実は栃木に来るまでは、それほど花に興味もなく、花を家に飾ることなどもなく、公園などで咲く花を見て綺麗だなと思うくらいでした(一般的に食べられる山菜、野草はわりと頭にインプットされるのですが)。ところが、こちらに移り住んでから公園や山道などではなく、普段通る道端にこんなにも様々な草花が咲いているということに気付き、それは私にとって小さな感動でした。そしてまだよちよち歩きの我が子との散歩が日課になっていたころ、その散歩道に咲く花々をふたりでよく眺めたり、摘んで持ち帰り、小さな一輪挿しに飾るような習慣がついてから、この道端に咲く草花たちのさりげない美しさ、かわいらしさに魅かれ、それぞれがなんという名前なのかと調べるようにもなりました。そこで、今まで「名前は知っているけど、どんな花か知らない」というような草花の姿と名前が一致し、“知っているようで知らなかった身近なこと”が自分の頭の中できちんと整理されて、ささやかだけどそれが暮らしの中で生きてくることに嬉しさを覚えたものです。そこらじゅうに葉を巡らせている葛の葉は大きくて形もかわいいので子供のおにぎりやおまんじゅうを作った時などお皿の上に敷くとまた目先が変わって喜び、ススキは散歩の途中のいいおもちゃになります。

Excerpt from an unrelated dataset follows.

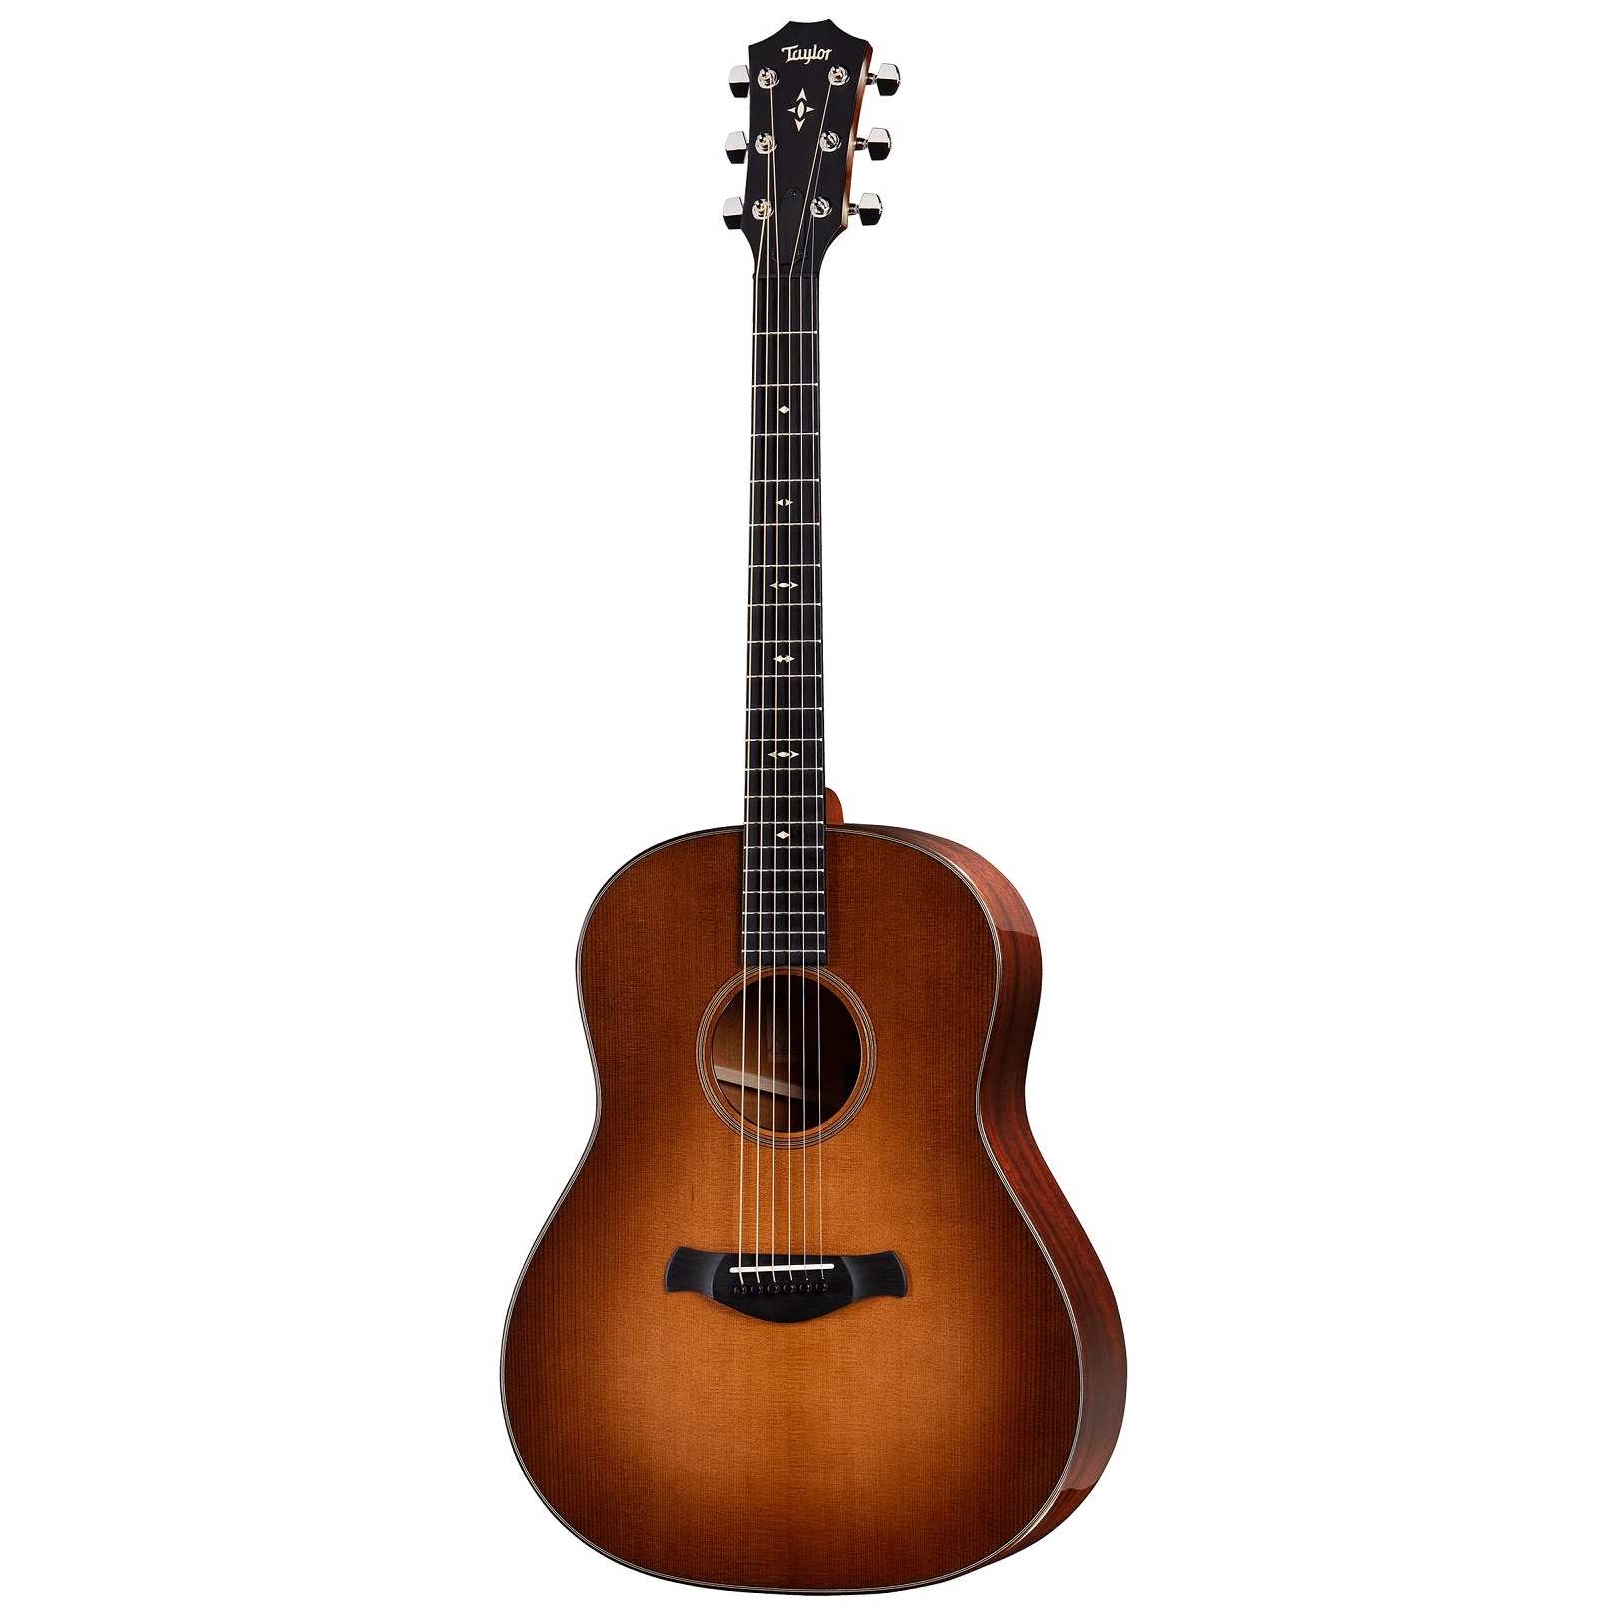 Taylor Builder’s Edition 517 WHB

そんな風に草花に興味を持ち始めたころ、野草研究をしている方の講演を聞く機会があり、「ススキやクズやヨモギやら身近な野草もいろいろミックスすると美味しくて、からだによいお茶になる」というようなお話があり、どうせ苦かったり飲みにくいんじゃないかと思いながらも試飲してみると、意外にも美味しくいただけたので、早速摘んできて、干して、炒って自宅にあるほうじ茶とともに煎じて飲んでみました。少しばかりクセがあるけれど香ばしく味がまとまったのに驚きつつ、手作りの楽しさも味わえるものでした。改めて昔の人たちはこうやって身近なもので作ったり工夫したり試しながら、必要なものを自分の手で作り出していったのだろうとしみじみ感じたのです。
さて、ここのところは仕事やら何やらの落ち着かない日々を過ごし、ゆっくり散歩する時間もなかなか取れないのですが、それでも子供と外を歩くときは小さなものにも気づいたり足を止めたりするもので、「早く行きたいのに~」と思いながらも、稲穂が垂れているのを見ては「この中にお米が入ってるんだよ」とか、雨上りの道路の水溜りに「お空が映ってるよ」とか、こちらも子供の目線になって一緒になって、小さな発見や身近にある自然を楽しんでいます。こうやっていちいち何でもないことに喜んだり、季節の移り変わりを感じたりする心の余白を持っていたいものだな、と最近つくづく思います。